O tromboembolismo venoso está associado à morbidade e mortalidade significativas do paciente e pode levar a atrasos no tratamento do câncer. Revisão sistemática com meta-análise demonstra incidência de 10% de tromboembolia venosa em pacientes com câncer de ovário avançado recebendo quimioterapia neoadjuvante, sugerindo papel para a tromboprofilaxia universal nesta população. A oncologista Maria Del Pilar Estevez Diz (foto) analisa os resultados.
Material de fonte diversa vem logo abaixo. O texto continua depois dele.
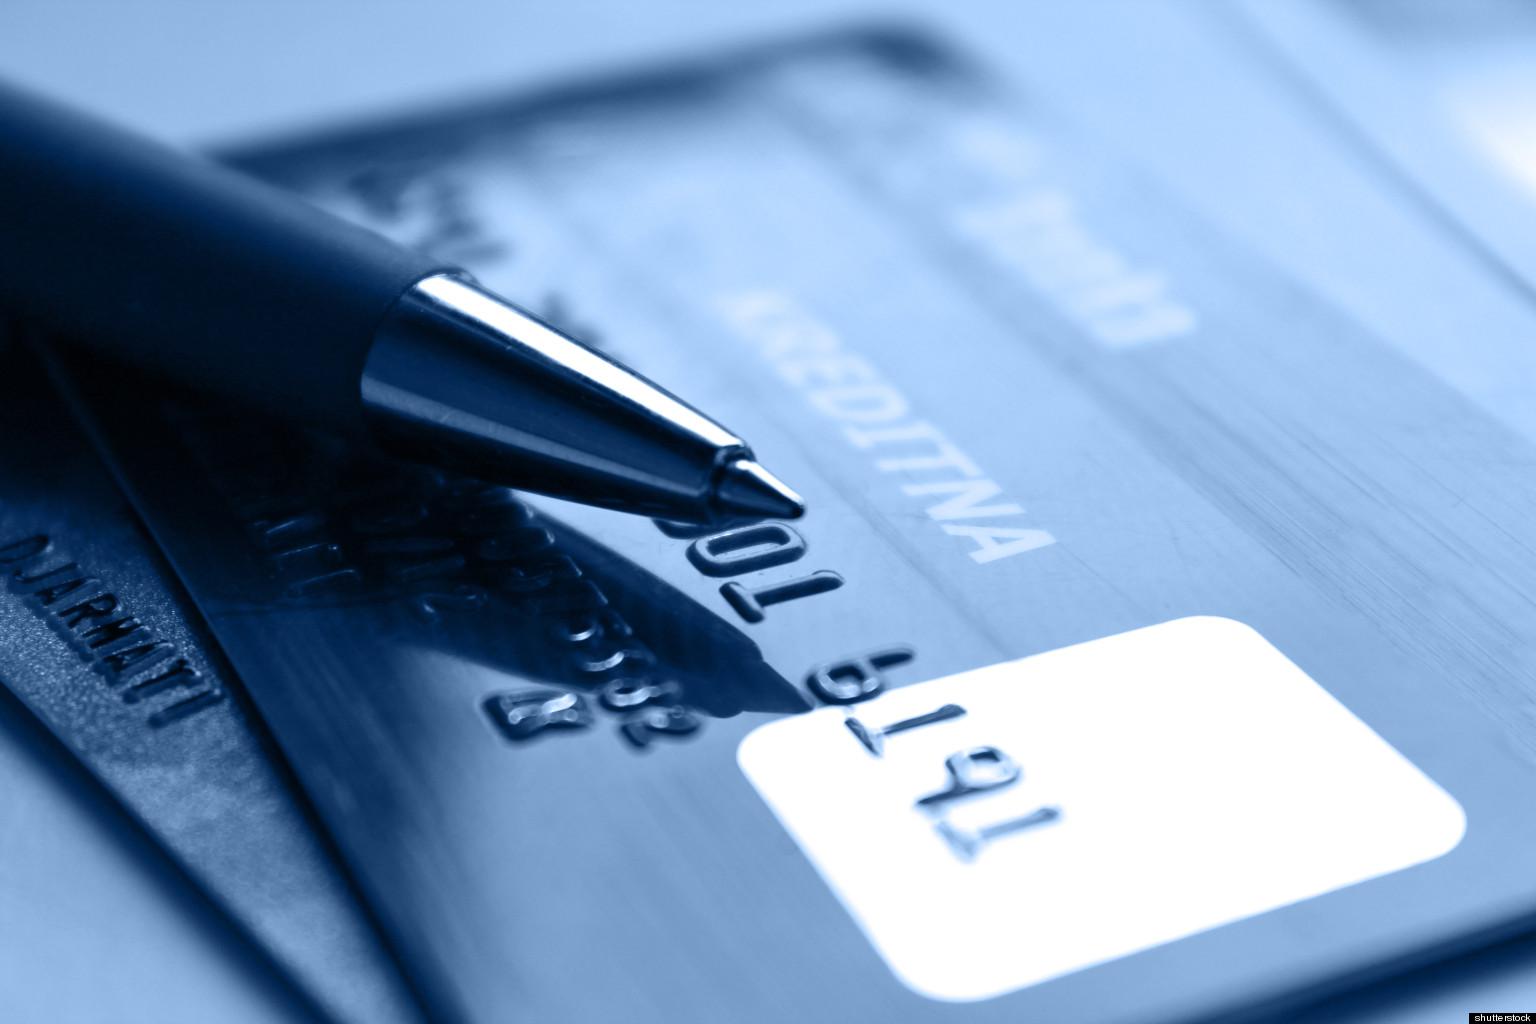 CAIXA disponibiliza R$ 7 bilhões para o Construcard

Nesta revisão, Black et al. lembram que pacientes com câncer apresentam risco aumentado de tromboembolia venosa, o que resulta em morbidade significativa, custos de saúde e mortalidade. As razões para esse risco aumentado em pacientes com câncer de ovário são multifatoriais e se relacionam com a tríade de Virchow, incluindo estase venosa de ascite ou massas, atividade pró-coagulante do câncer e dano endotelial do tratamentos de câncer. Estudos demonstraram que pacientes com câncer de ovário que apresentam tromboembolia venosa têm pior sobrevida global em comparação com aquelas que não apresentam.
Os pesquisadores buscaram identificar a incidência de tromboembolismo venoso em pacientes com câncer de ovário avançado recebendo quimioterapia neoadjuvante e identificar fatores de risco para tromboembolismo venoso.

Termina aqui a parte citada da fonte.